Fifth Periodic (Scotland only)

2005

646

Fifth Periodic (rest)

2010, (2015)

650

 

It has been well pointed out that the size of the House of Commons is large by international standards for lower houses. The usual point of reference is the American House of Representatives at 435, but this is misleading because the 50 states have a degree of self-government our counties, regions and even devolved nations do not possess.

 

A more realistic comparison would be with the lower houses of similar-sized European nations. The German Bundestag has 630 members (for a population of 80 million); the Italian Chamber of Deputies 630; the French National Assembly 577; the Spanish Congress of Deputies 350. Internationally, it would appear the Commons is the largest democratic lower house in the world.

 

There is therefore a case for reduction, which I support, and the arguments for it are well-worn. A figure of approximately 600 is not a radical reduction and would not make for much disruption in Parliamentary or public life.

 

There are two ways of achieving such a reduction:

(a)    the method used in the Sixth Periodic Review, i.e. the use of a fixed divisor. This would eliminate the ‘ratchet effect’.

(b)    the re-introduction of the Rules used at the Fifth Periodic Review with either a reduction in the various suggested national entitlements contained in Rule 1, or else an additional part to Rule 1 specifying a maximum size for the House of Commons, in order to hold up the ‘ratchet effect’.

 

I do not view the exact figure of 600 MPs as a shibboleth, but an approximate figure that is more desirable than the current figure of 650. Had I viewed the figure 600 as crucial, I could only support (a).

 

Which of these two methods might be chosen, should the Government of the 2015 Parliament support a reduction in the size of the Commons, depends on whether that Government views constituencies crossing county boundaries, and constituencies not necessarily representing ‘natural communities’, as an acceptable part of redistribution.
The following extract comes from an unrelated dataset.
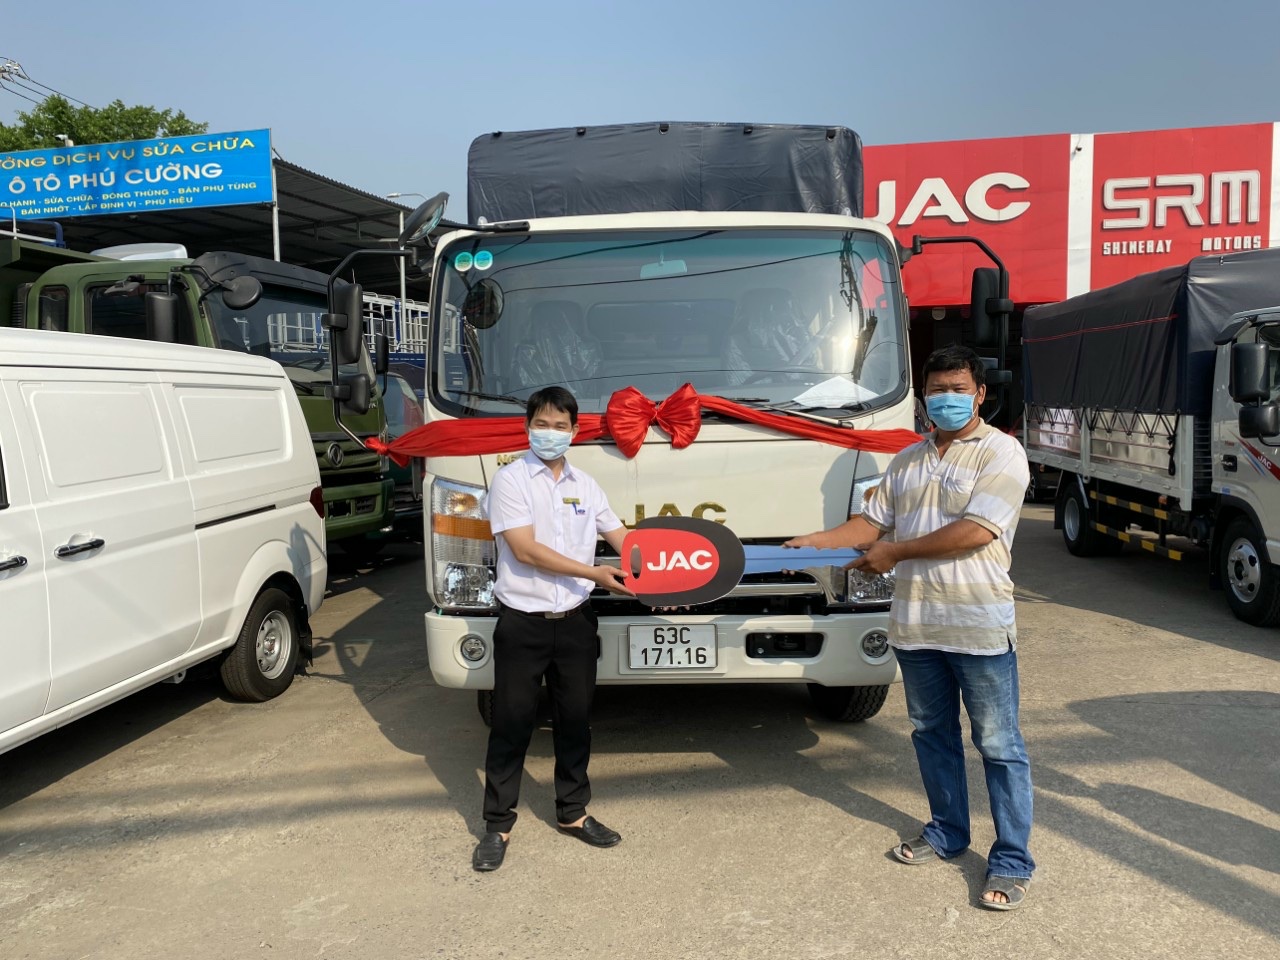 Gia đình anh Thiện ở Tiền Giang mua xe JAC N650S
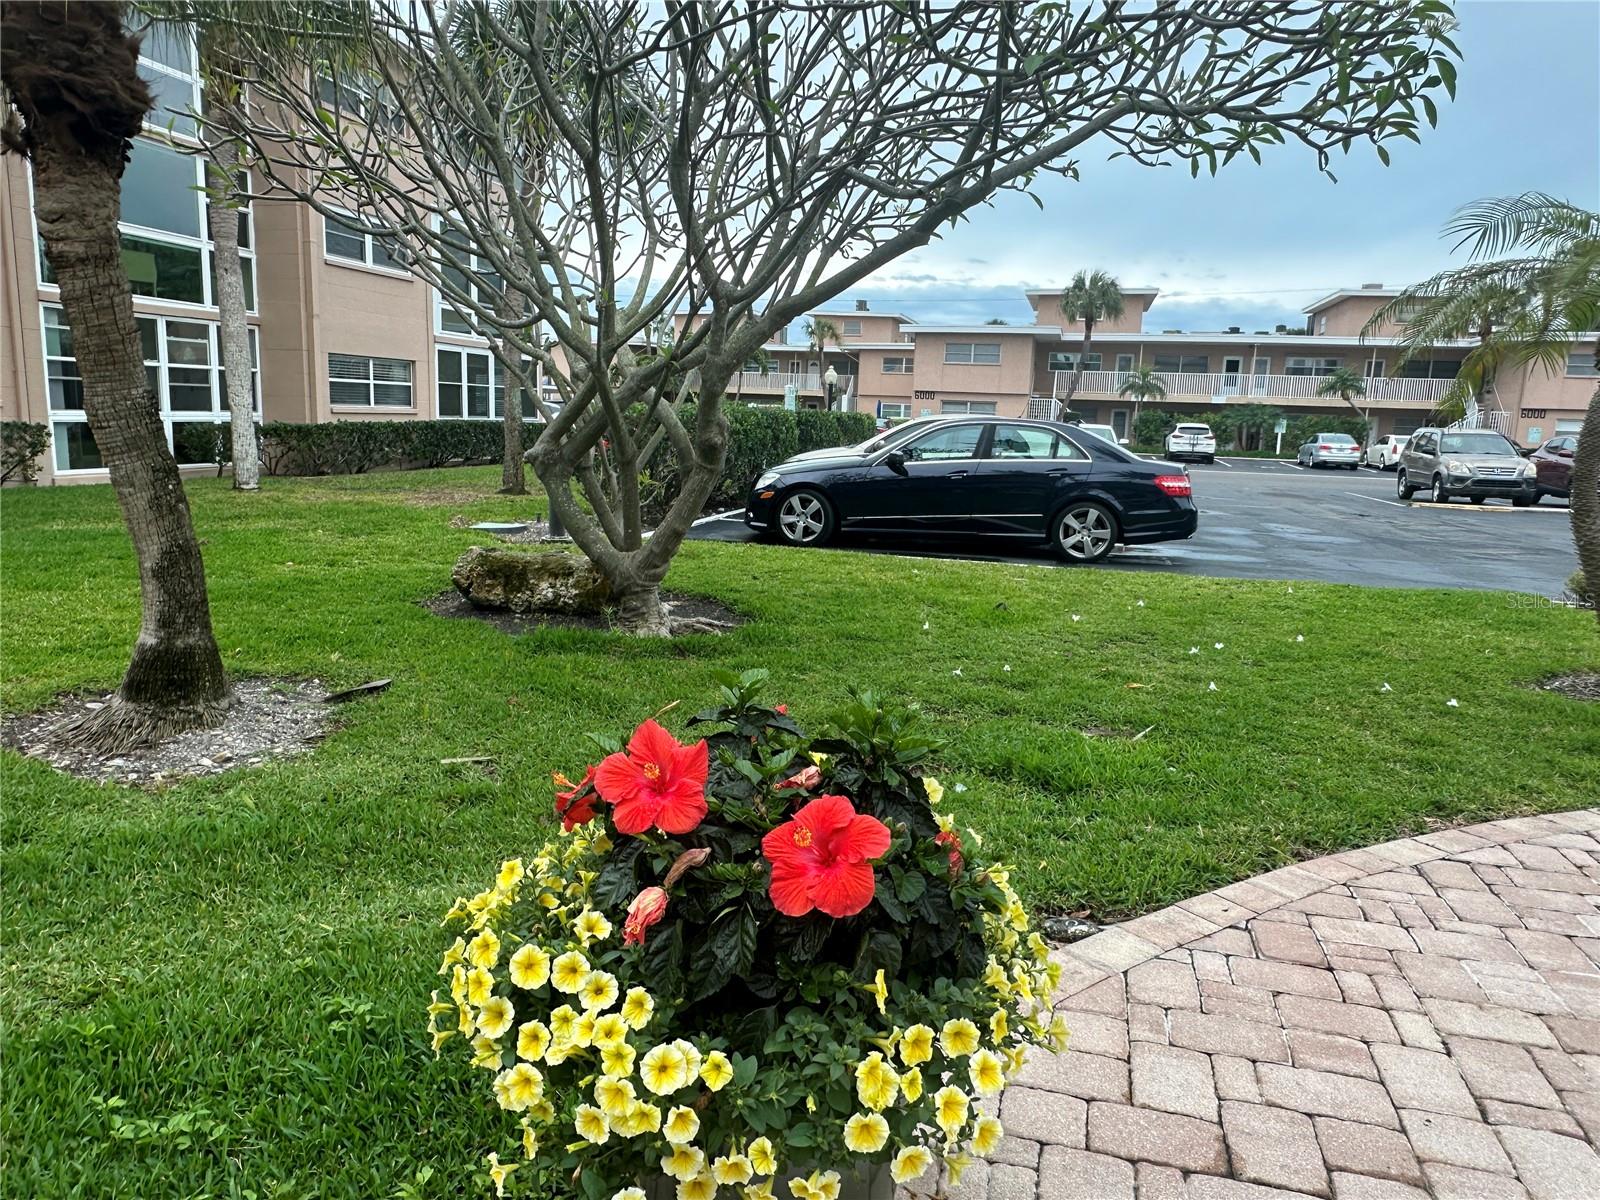 Parking spot, first spot behind the flowers.

If this were not acceptable, the old Rules would have to be brought back, modified as per (b).

 

8. a) Should the Boundary Commissions be asked to draw up proposals for new boundaries based on the current number of MPs?

 

This question is not clear. If the Government of the 2015 Parliament does not support reduction in the size of the Commons, the Commissions will have to draw up proposals based on the current number of MPs as legislation will force them to.

 

As per the above, however, I support a reduction in the size of the House.